Jaka powinna być Legnica? cz. 1.
Dawid Sołtys
LEGNICA. Już wkrótce odbędą się wybory samorządowe. W Legnicy wybierać będziemy prezydenta miasta i radnych. To okres, kiedy kandydaci będą obiecywać nam różne rzeczy, więc to też dobry czas by samemu zaproponować "listę życzeń", jaka Legnica powinna być i co powinno być priorytetem. Również i ja mam taką swoją wizję na najbliższą 5-letnią kadencję albo i dwie, bo wiadomo, nie wszystko da się zrobić w 5 lat. To pierwsza część cyklu tekstów "Jaka powinna być Legnica?". Mam nadzieję, że swoje propozycje przekażą też czytelnicy - z chęcią stworzymy tekst na ten temat. Niech politycy w czasie kampanii, a potem w trakcie kadencji, wysilą się i zaczną realizować wizję miasta taką, jakiej chcieliby legniczanie.

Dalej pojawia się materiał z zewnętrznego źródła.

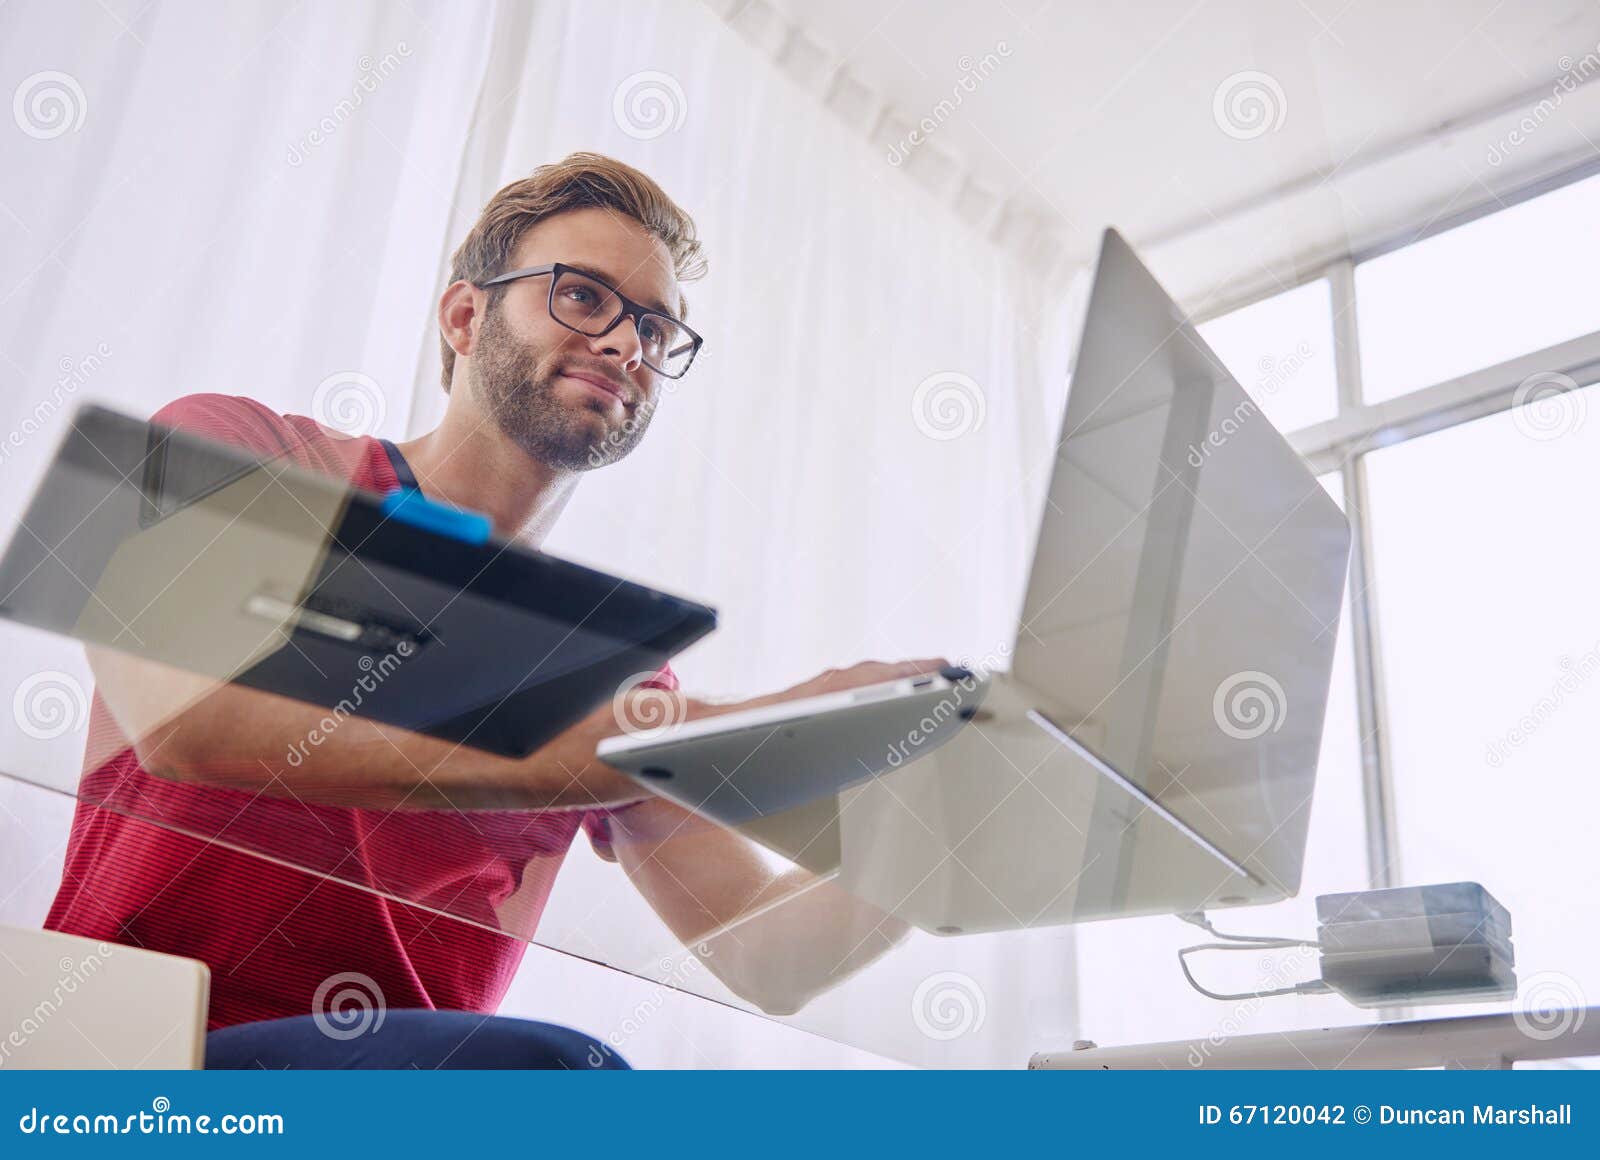 Man At Glass Desk Shot From Below Stock Photo Image Of Study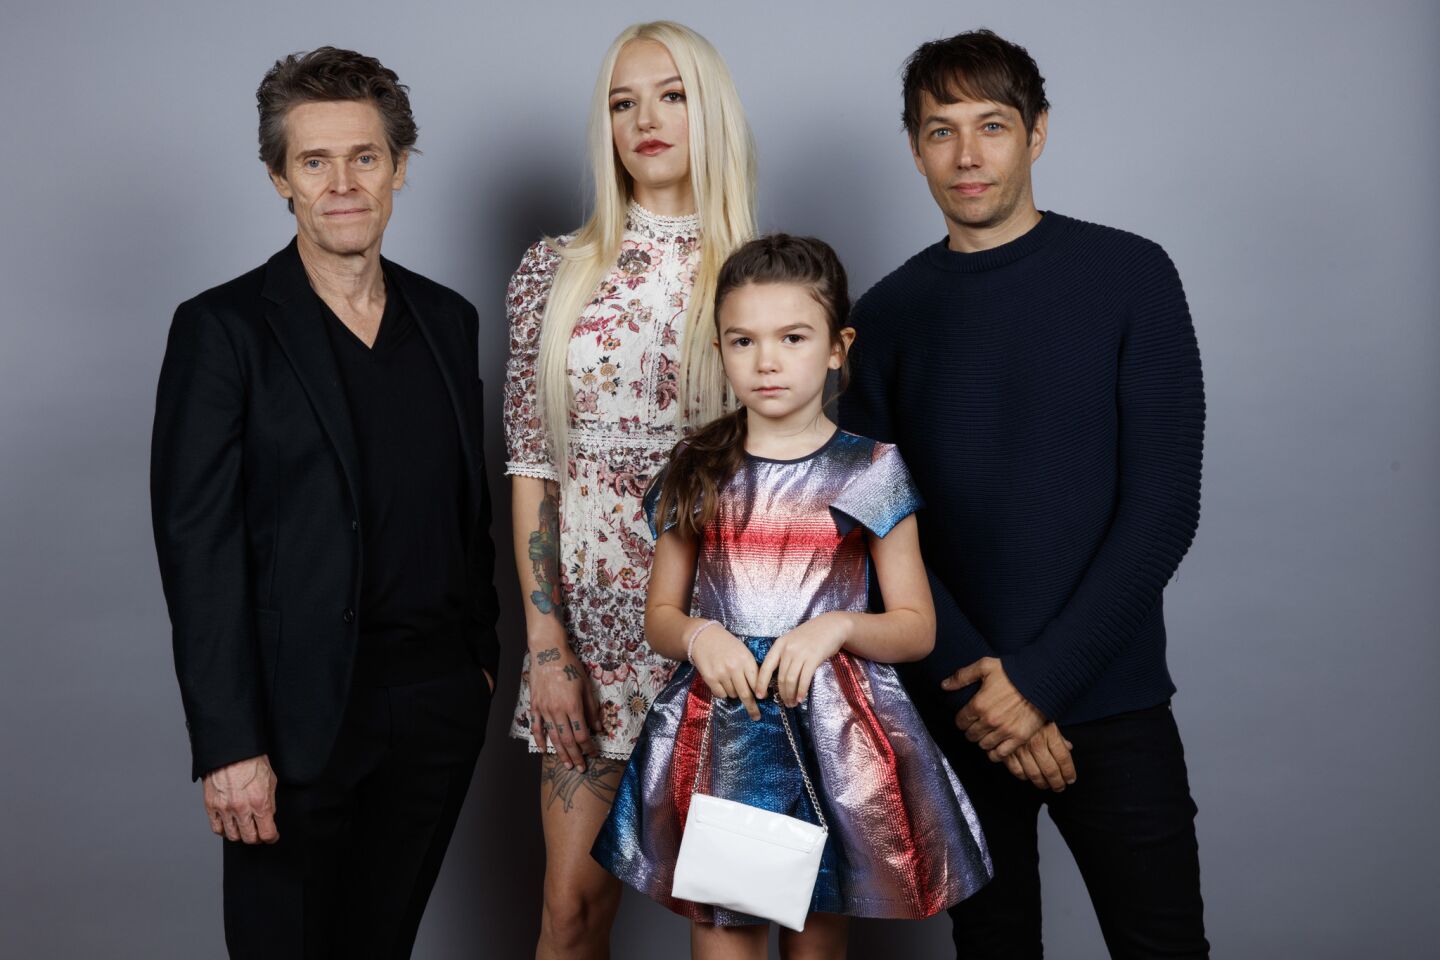 Willem Dafoe, left, Bria Binaite, Brooklynn Prince, and director Sean Baker from the film "The Florida Project."

Czy w Legnicy będziemy mieć nowego prezydenta a może w mieście będzie rządził dotychczasowy? Okaże się w toku wyborów, ale mam nadzieję, że kilka spraw zostanie wyprostowanych, polepszonych a miasto będzie się rozwijać. Legnica jako najważniejszy ośrodek, w regionie byłego województwa legnickiego, zasługuje na to.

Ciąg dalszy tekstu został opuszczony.